Приближалась осень. Пора было возвращаться в Киев, учить латынь, законодательство, посещать эти нудные курсы, получать письма от Гумилева. Она станет прежней Анной. Никто не узнает, как бегала каждый день на почту, как вбивала в штукатурку гвоздь и стояла над раковиной с кухонным ножом. Только синяя тетрадь приняла исповедь о первой, испепеляющей любви к мужчине иного — бродяжьего племени. И еще стихи о том, что суждено этой первой любви стать единственной.

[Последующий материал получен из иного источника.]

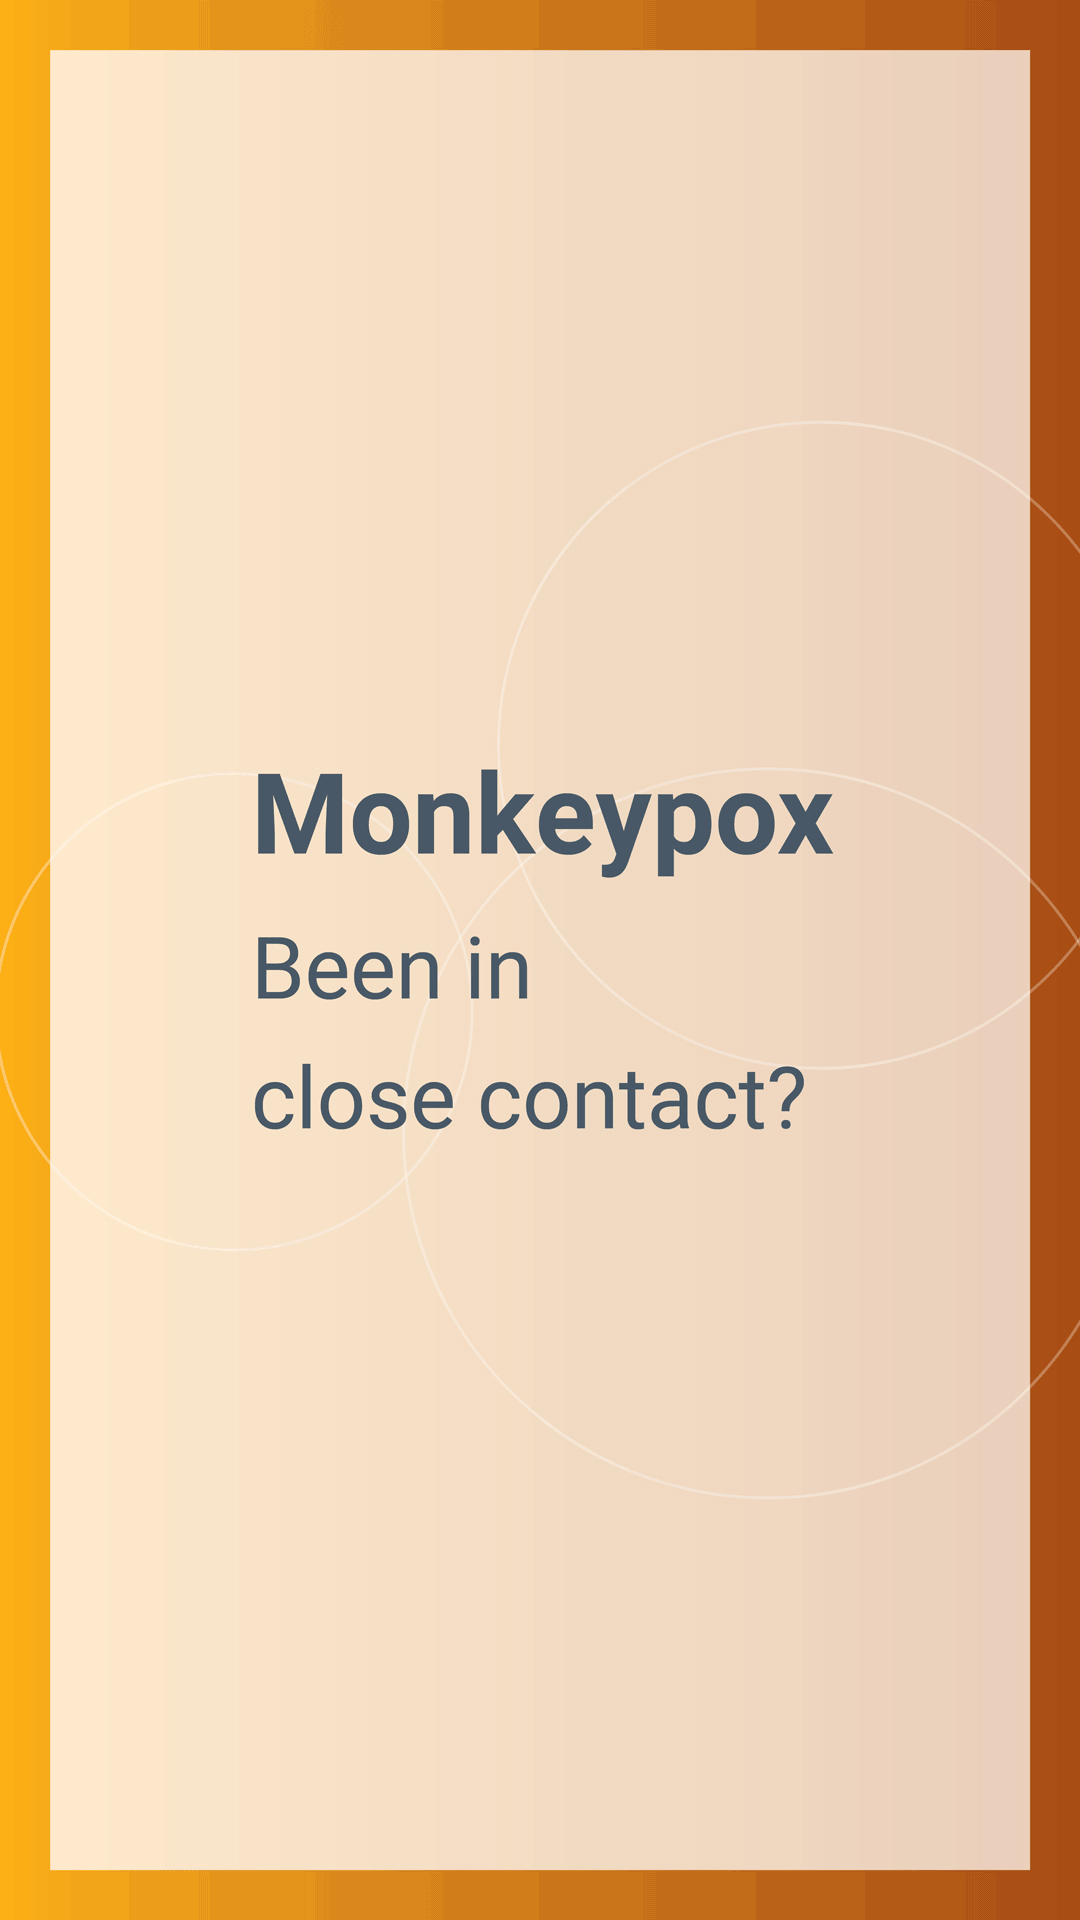 Monkeypox poster: Been in close contact?

И без того не отличавшаяся веселостью, она стала похожа на монашку, готовящуюся к постригу. О депрессии тогда рассуждали мало. Говорили: «впала в меланхолию», «мается сплином».
Купив дешевых папирос, Анна надолго уходила к морю. Ветер уносил дым, трепал волосы. Но не осушал слезы — Анна не плакала. Уезжать совсем не хотелось. Будто здесь был дом, в который должен вернуться тот, кого всегда ждешь.
«Царица — иль, может быть, только капризный ребенок,
Усталый ребенок с бессильною мукою взгляда…» Н.Г.
Шли последние дни севастопольских «каникул». Анна твердо решила, что в воскресенье уедет в Киев. Море еще теплое и невероятно ласковое. Вода возвращала память о той ночи. Но уже далекую, покрывшуюся патиной забвения — как память о древней херсонидке, поглощенной пучиной много веков назад.
Однажды, отдыхая от заплыва, она еще издали увидела элегантного господина в белом костюме, соломенной шляпе, направлявшегося к ней. Вдруг вскипела и тут же умерла радость. Другой. Неся портфель и шаря тросточкой в крупной гальке, мужчина крутил шеей в высоком воротнике, словно пытаясь освободиться от зловещей удавки.